There’s simply one thing about Rod Serling’s voice that sends chills down my backbone and likewise makes me lean in on the identical time.

However one episode, I believe, does one thing actually enjoyable. It really adapts a Bible story right into a futuristic science fiction story, and I believe it holds quite a lot of classes for writers.

Let’s dive in.

Digging into “Probe 7, Over and Out”

Initially aired in 1963, the episode, penned by Serling himself, transports viewers to a desolate, alien planet. Right here, astronaut Colonel Adam Cook dinner, portrayed by Richard Basehart, finds himself stranded after his spacecraft, Probe 7, crash-lands. Along with his ship irreparably broken and his house world getting ready to nuclear annihilation, Cook dinner faces a way forward for profound isolation.

His solitude is damaged by the arrival of one other castaway – a strikingly human-like alien girl named Eve Norda, performed by Antoinette Bower. She, too, is the only real survivor of her personal planet’s demise. Regardless of the language barrier, a connection kinds between them, constructed on shared loss and the intuition for survival.

To not spoil the ending of the episode, however these two characters then discover a fertile, garden-like space, that parallels to the E book of Genesis.

However on this enjoyable adaptation, it takes a twist and turns into a strict dramatization.

Cook dinner introduces himself as Adam, and Norda reveals her title to be Eve. And the episode ends with Eve providing Adam an apple.

Rod Serling’s iconic closing narration suggests they’re heading in the direction of a brand new Eden, with this alien world being a nascent Earth.

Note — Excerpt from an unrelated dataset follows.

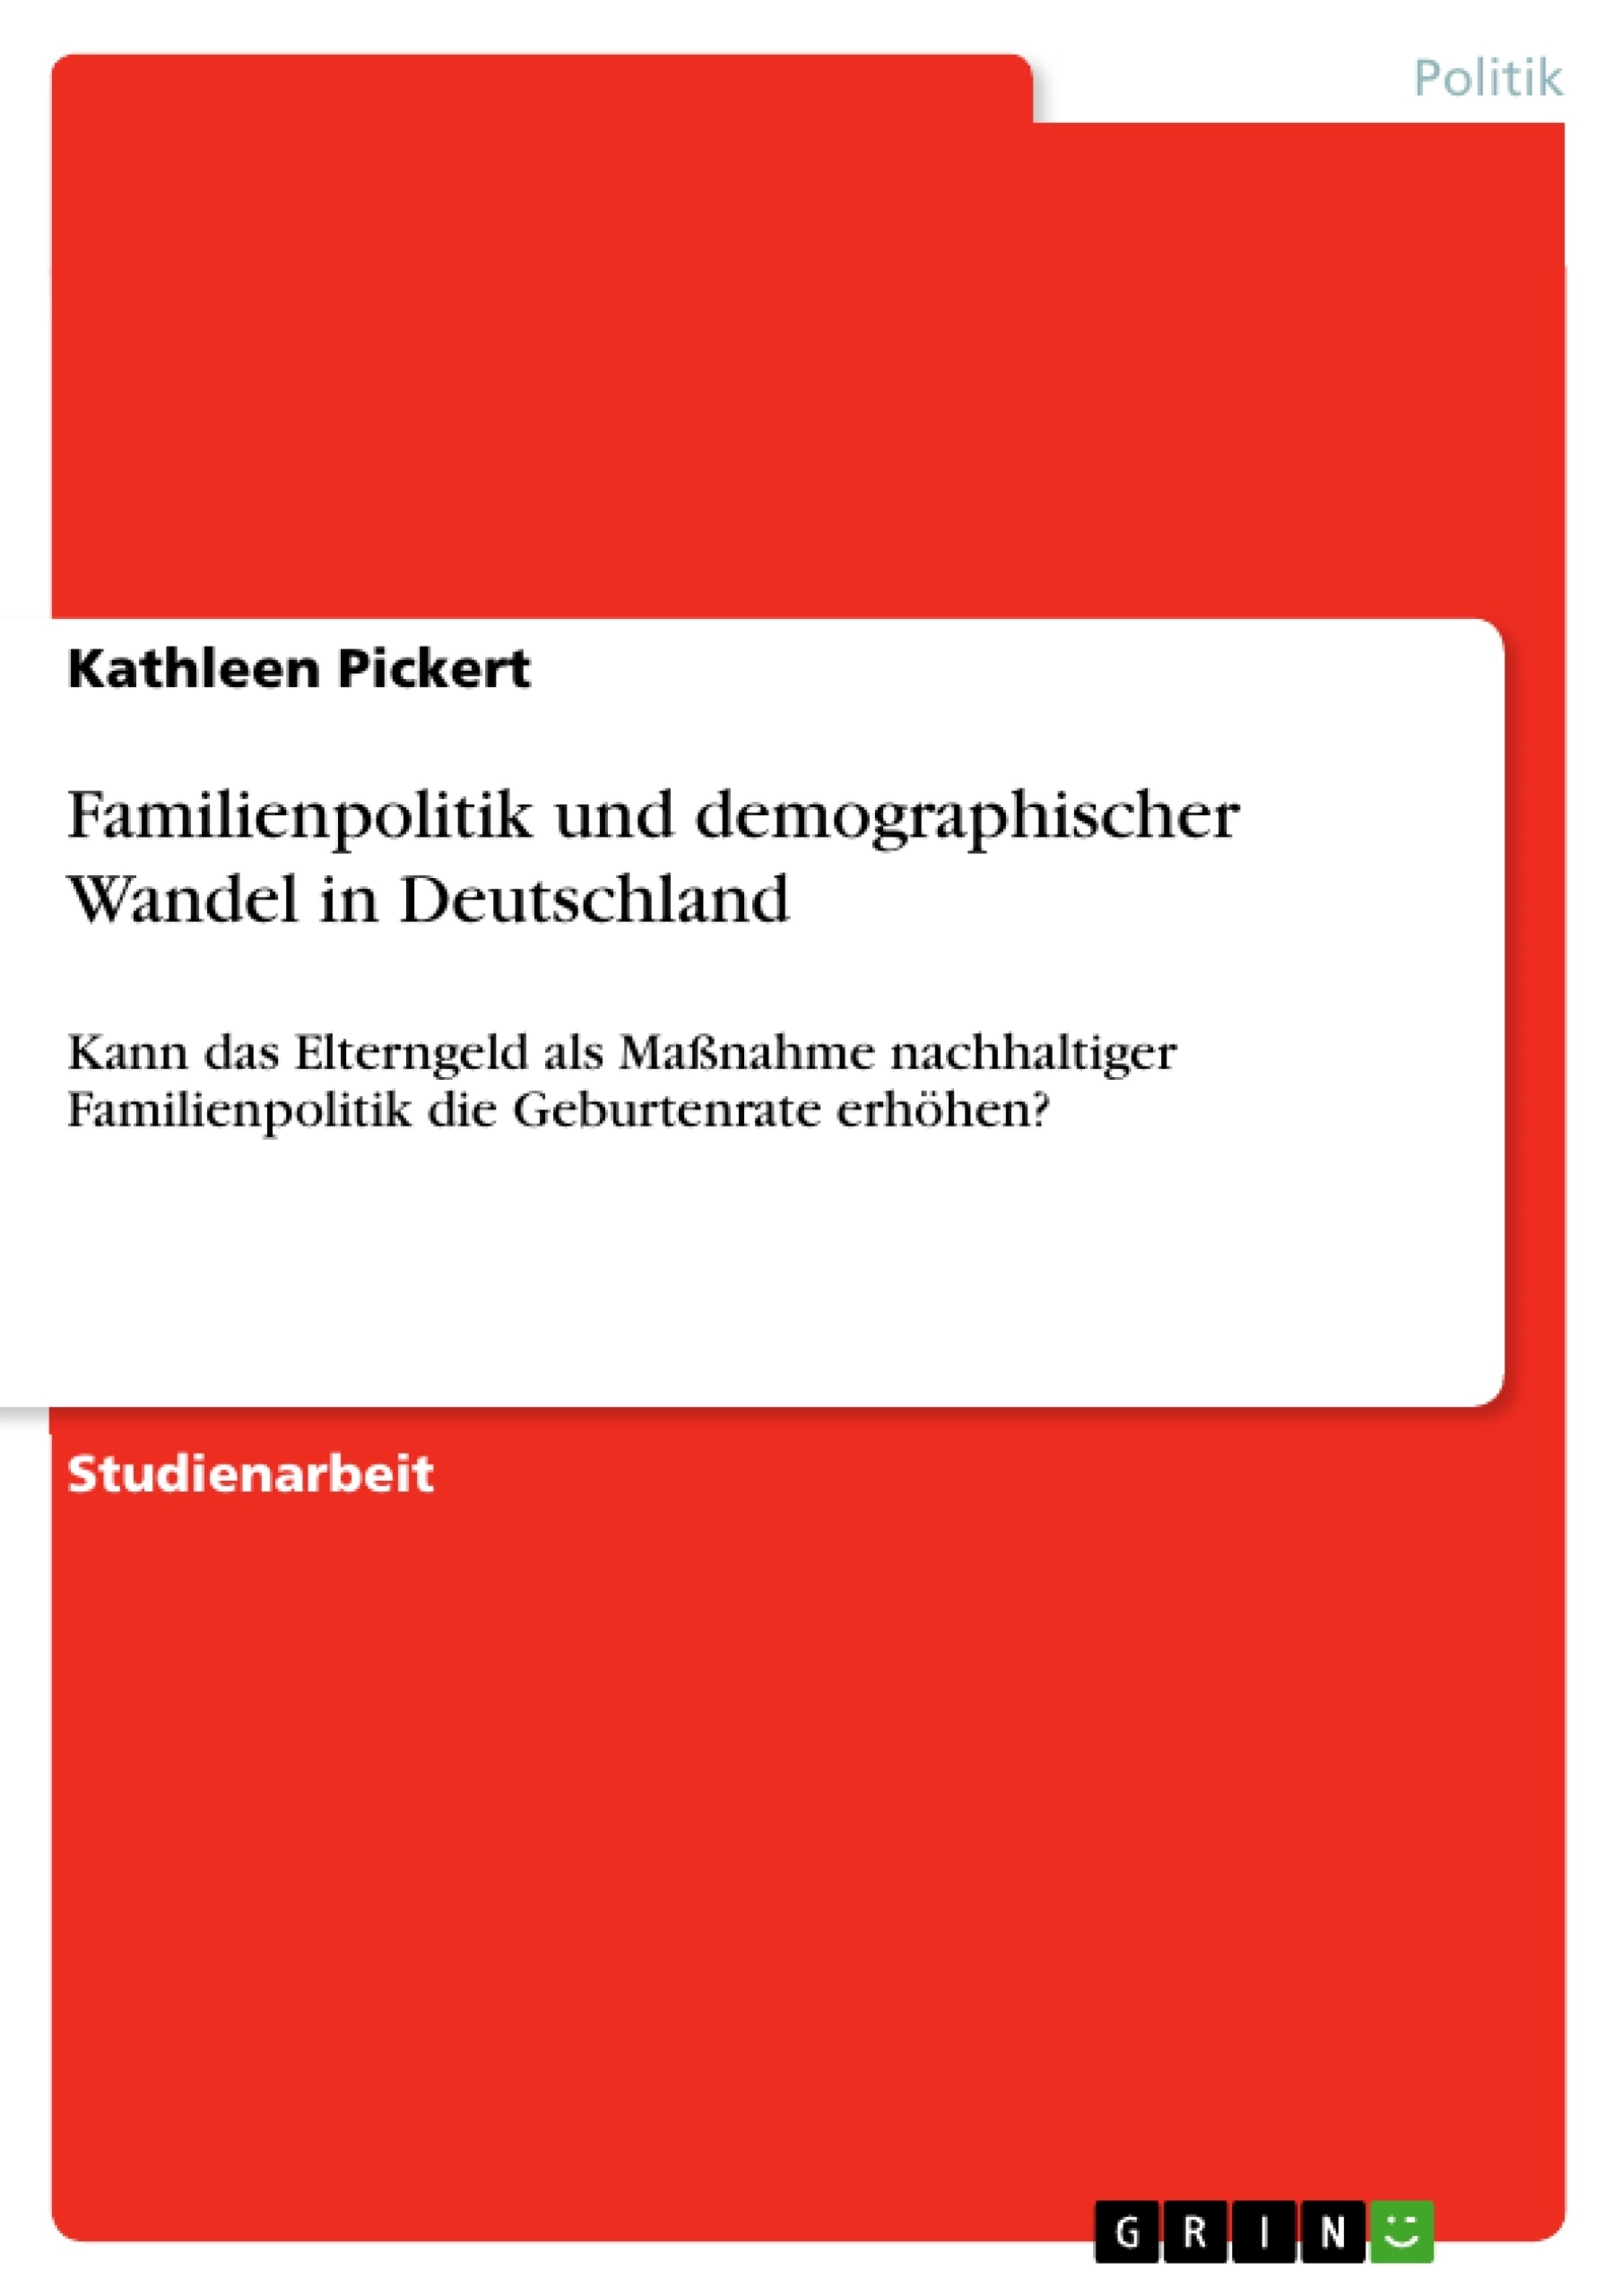 Title: Familienpolitik und demographischer Wandel in Deutschland

So, the twist is that that is the actual story of Adam and Eve, who weren’t emissaries of God however house vacationers who crash-landed on Earth to start out a brand new world.

So, What Are the Classes Right here?

The Bible is a extremely lengthy e book with quite a lot of tales. It’s very price getting in there and mining what’s there for strict adaptation or to place some distinctive spin on it.

The Twilight Zone performed with the idea of God creating life on this Earth and spun it on its head. However you could possibly simply do that with any of the massive, standard tales.

You can use the characters to themes and bend them to your will. They’re nice IP, and they are often modified and manipulated for something, so long as you’ve a standpoint and an thought of how you are going to subvert audiences.

Let me know what you assume within the feedback.